*** COLLECTED DATA

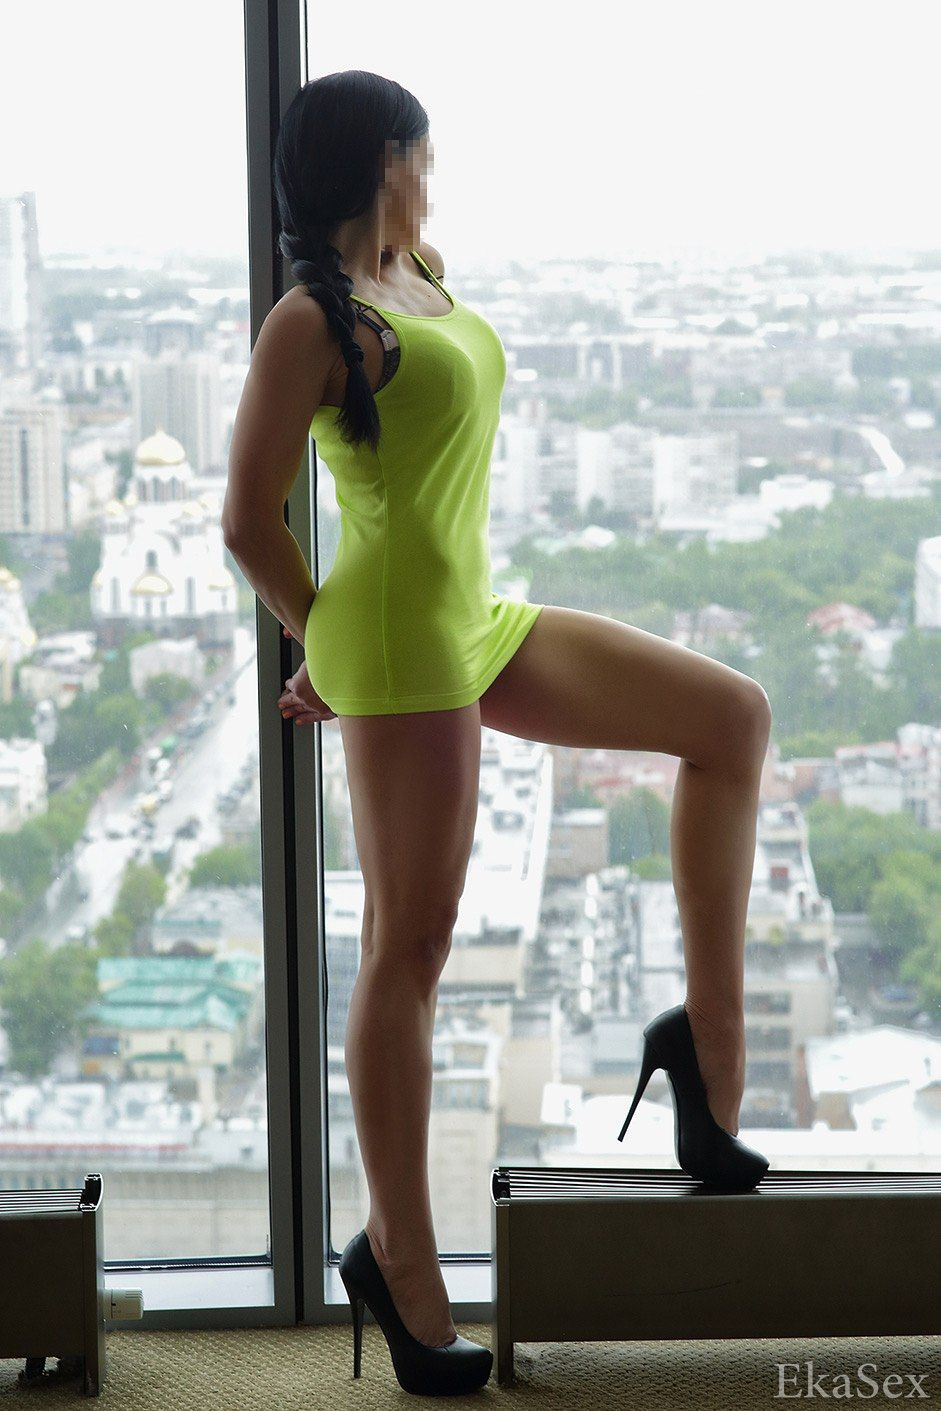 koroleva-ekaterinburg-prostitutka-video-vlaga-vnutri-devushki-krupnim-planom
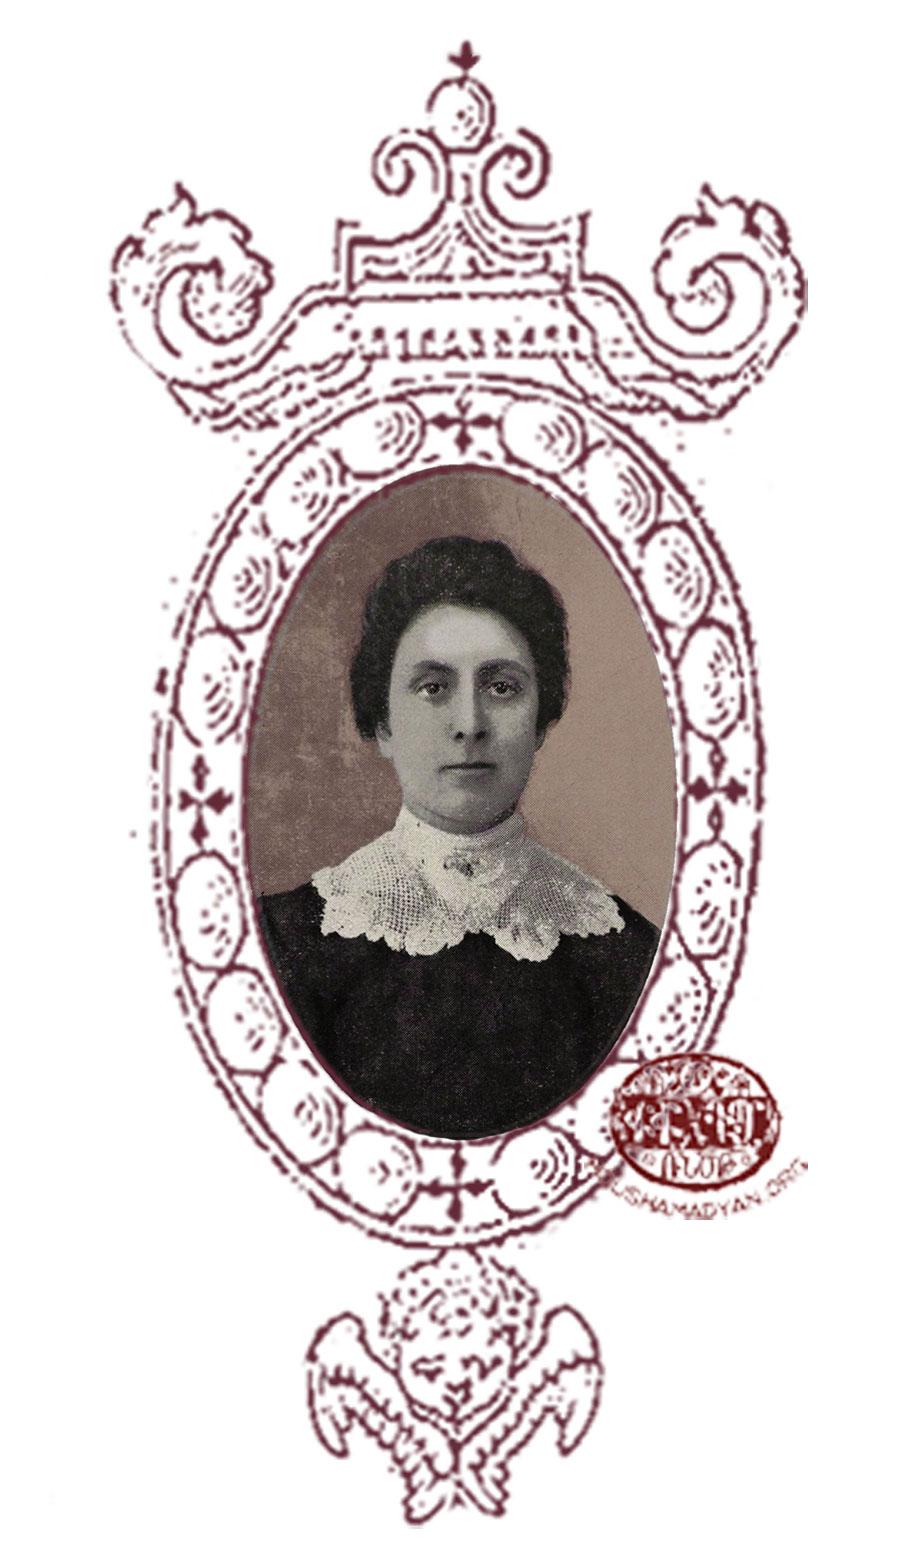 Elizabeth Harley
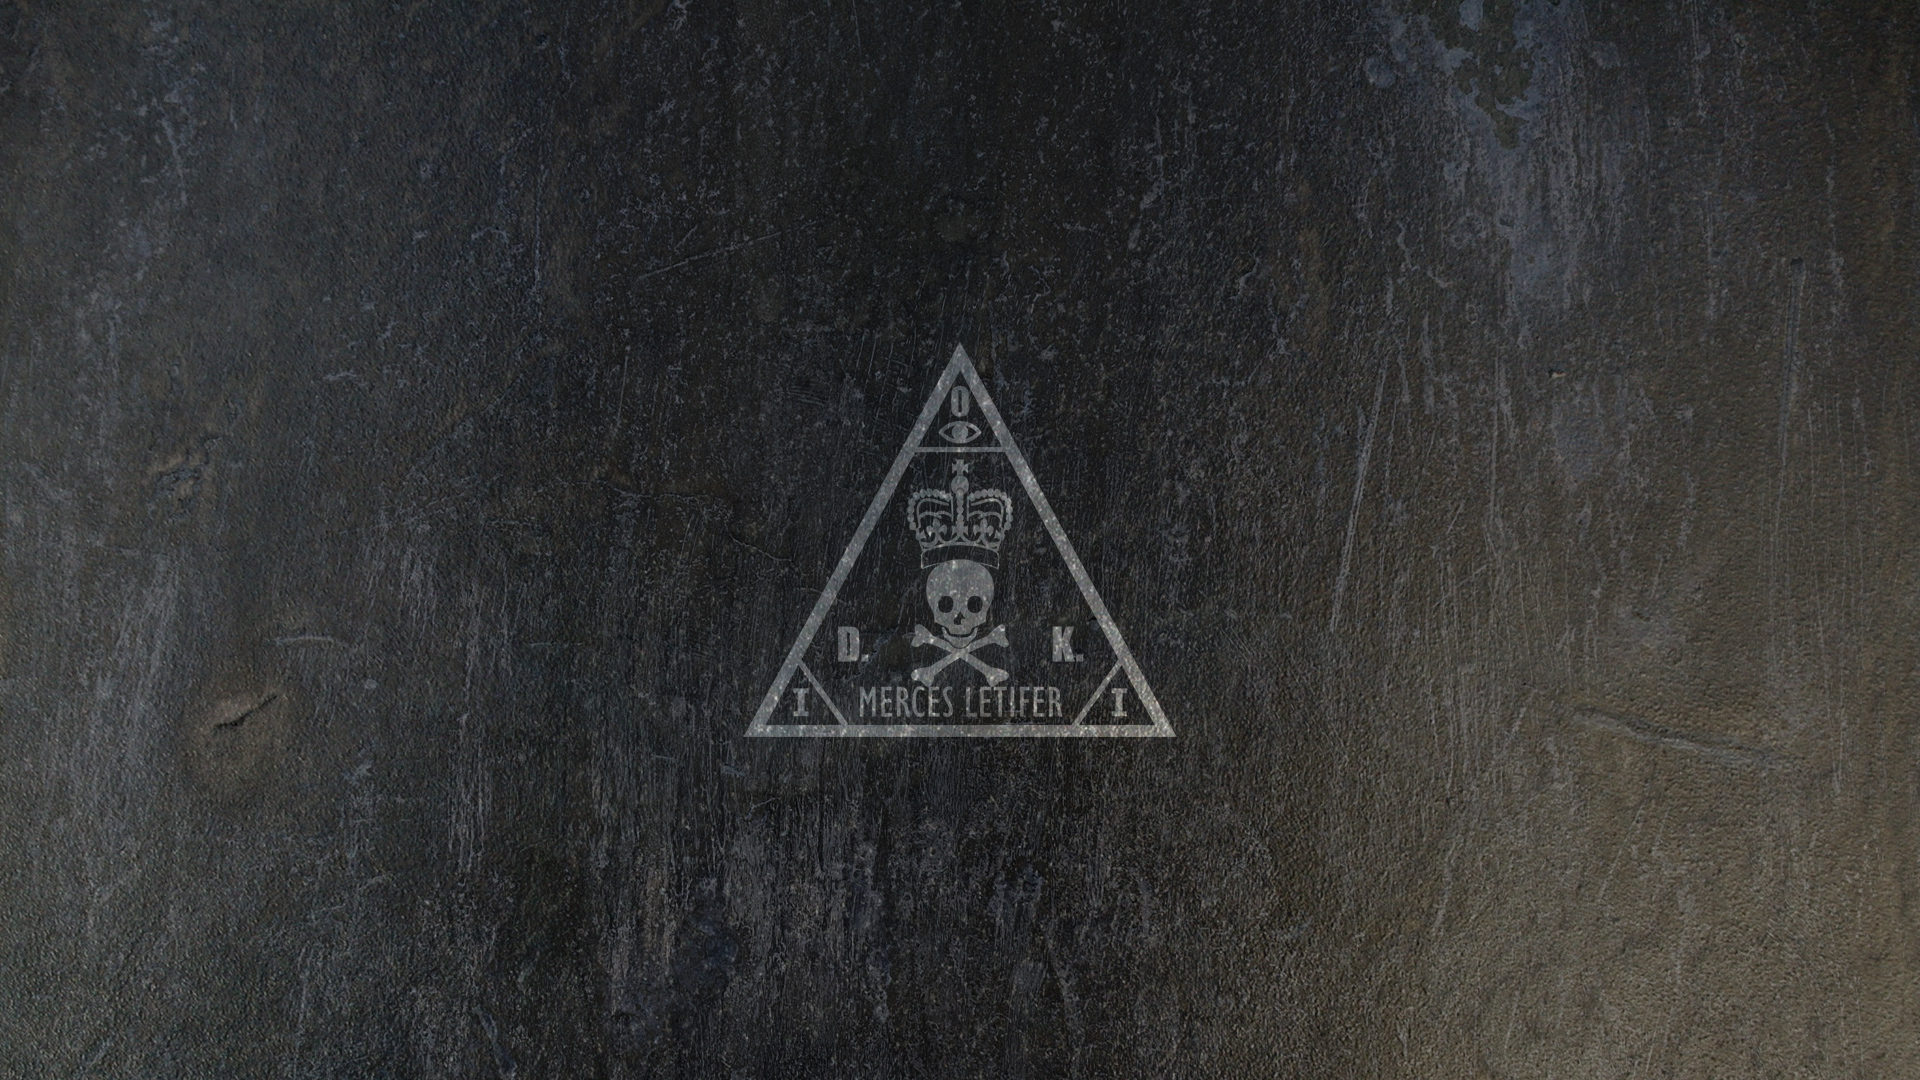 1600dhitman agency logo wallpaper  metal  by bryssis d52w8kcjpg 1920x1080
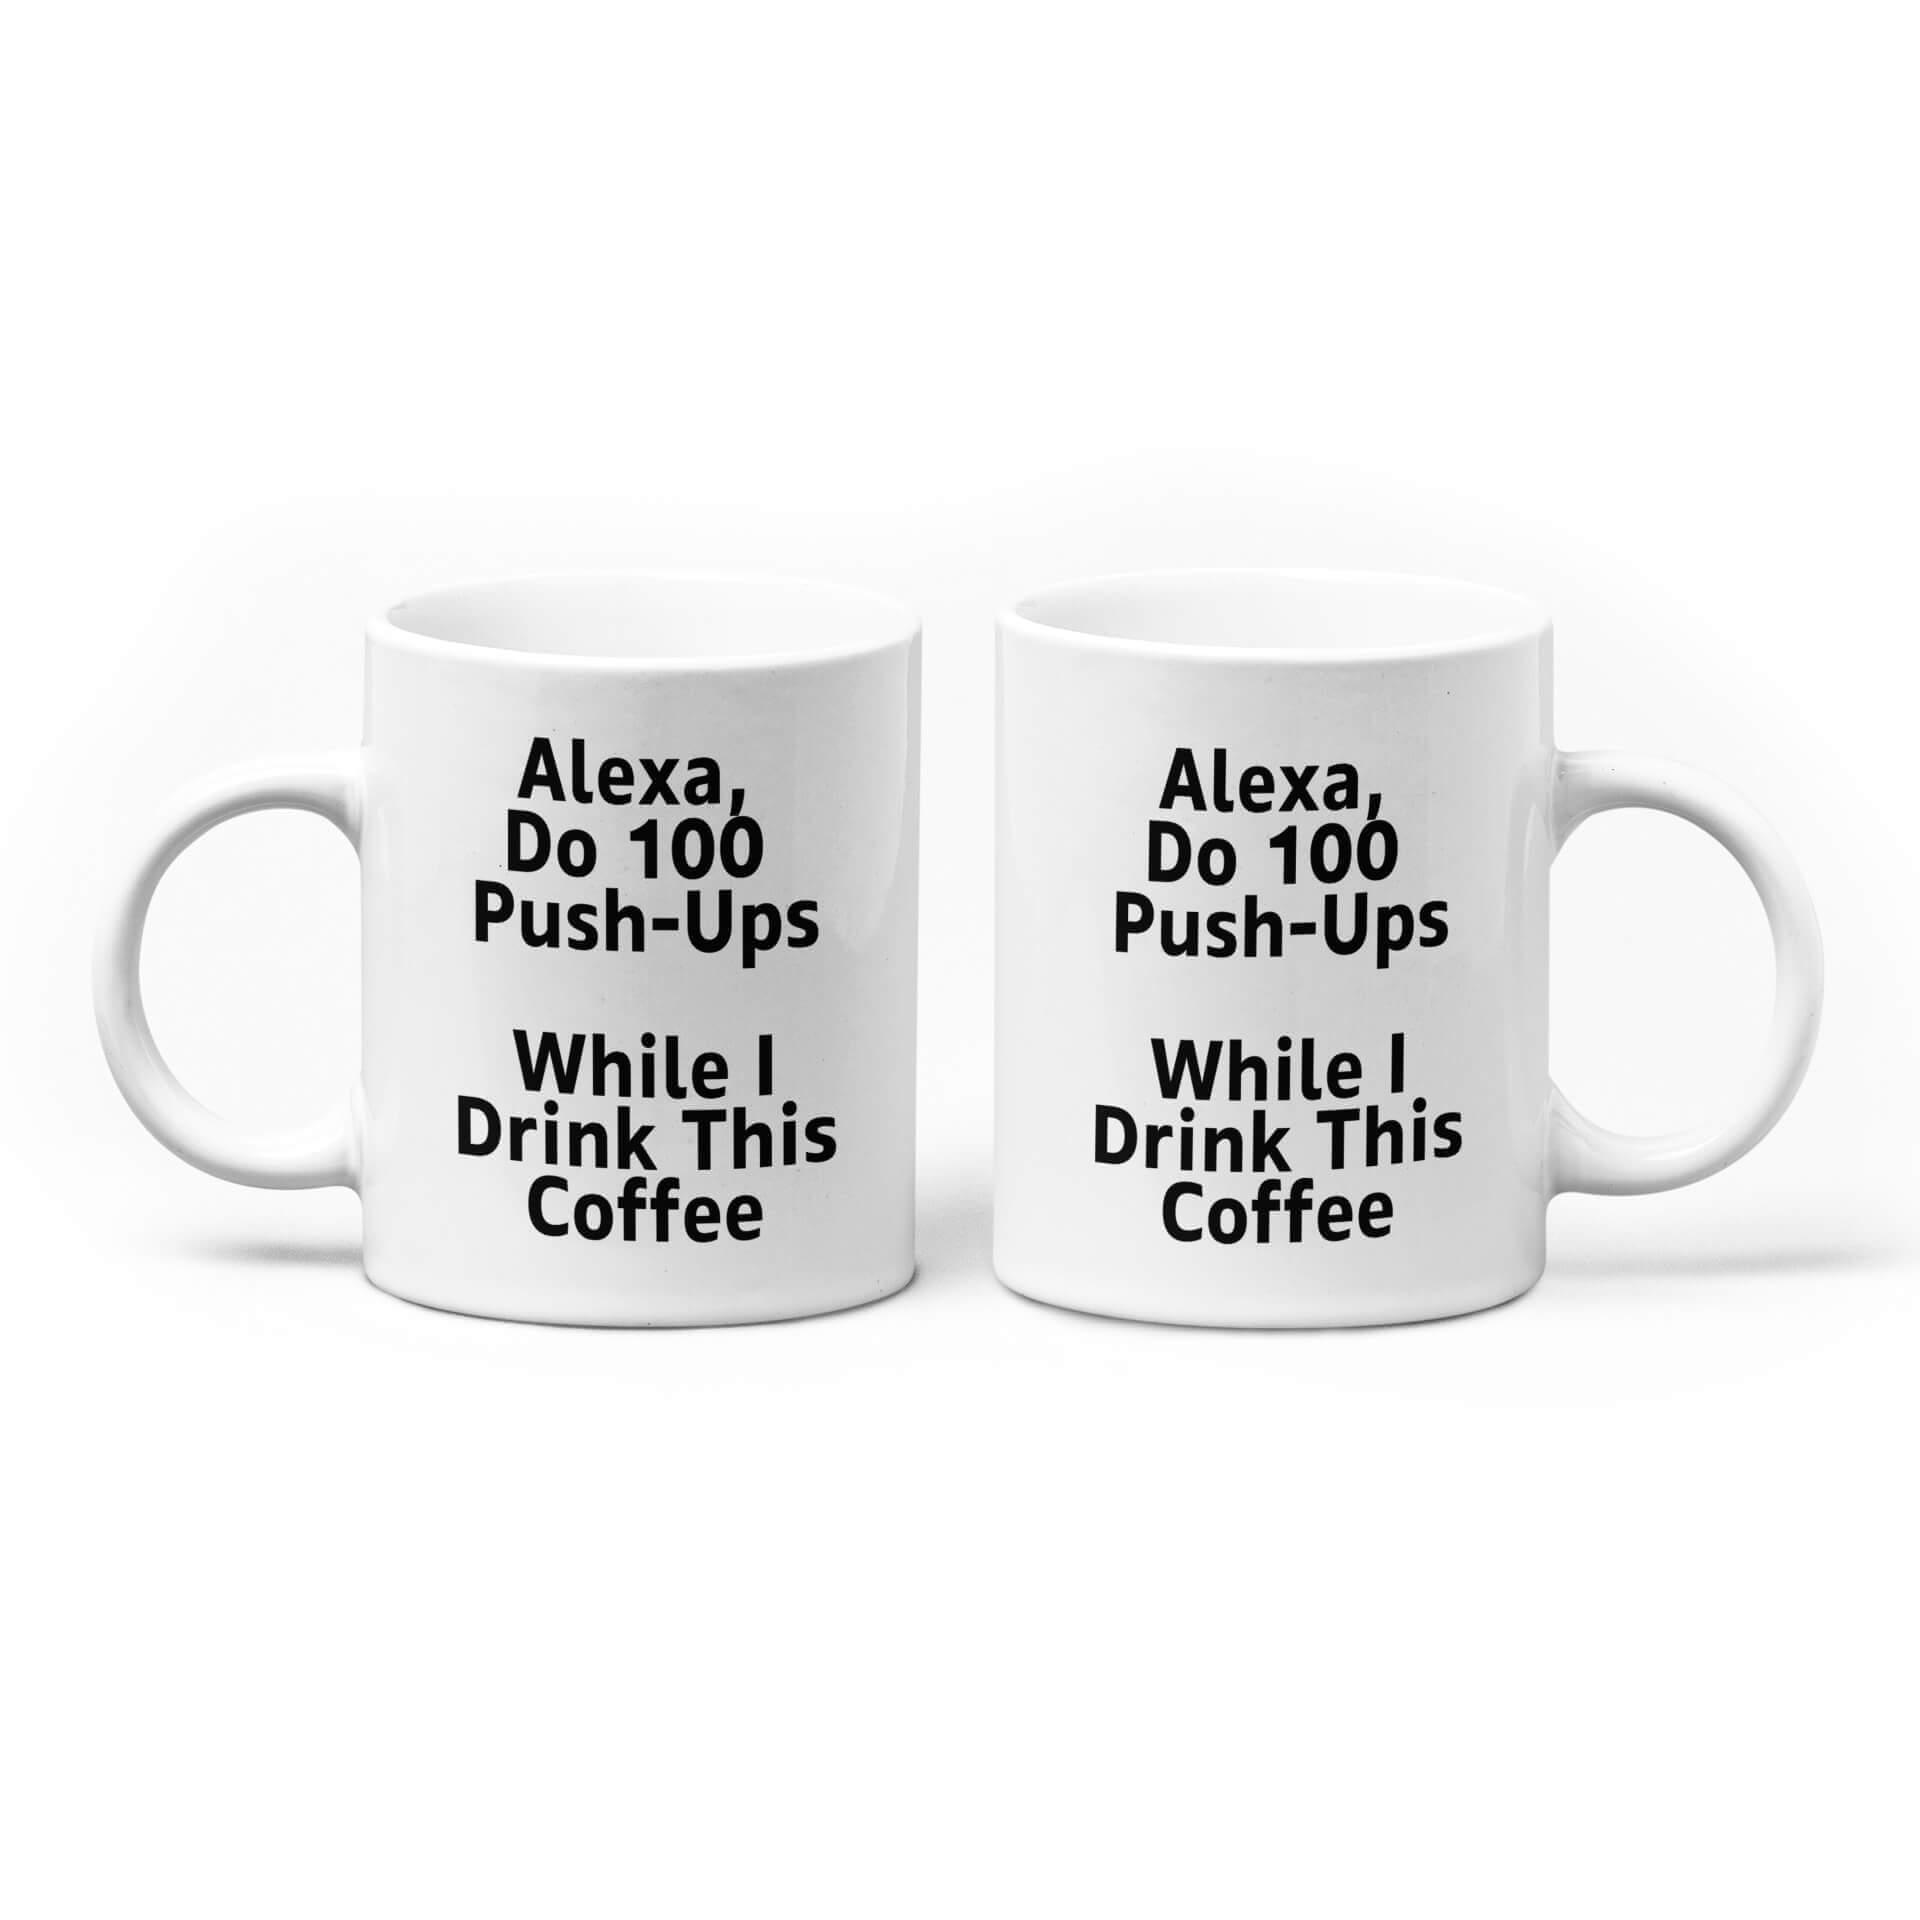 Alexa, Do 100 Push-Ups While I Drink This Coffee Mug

******

◆ WORK INSTRUCTION
Please output the lines from the line that holds "Elizabeth Harley" through the final line of the material above, both included. Each line must match exactly, and pictures must be excluded.

◆ EXERCISE OUTPUT
 Elizabeth Harley
 1600dhitman agency logo wallpaper  metal  by bryssis d52w8kcjpg 1920x1080
 Alexa, Do 100 Push-Ups While I Drink This Coffee Mug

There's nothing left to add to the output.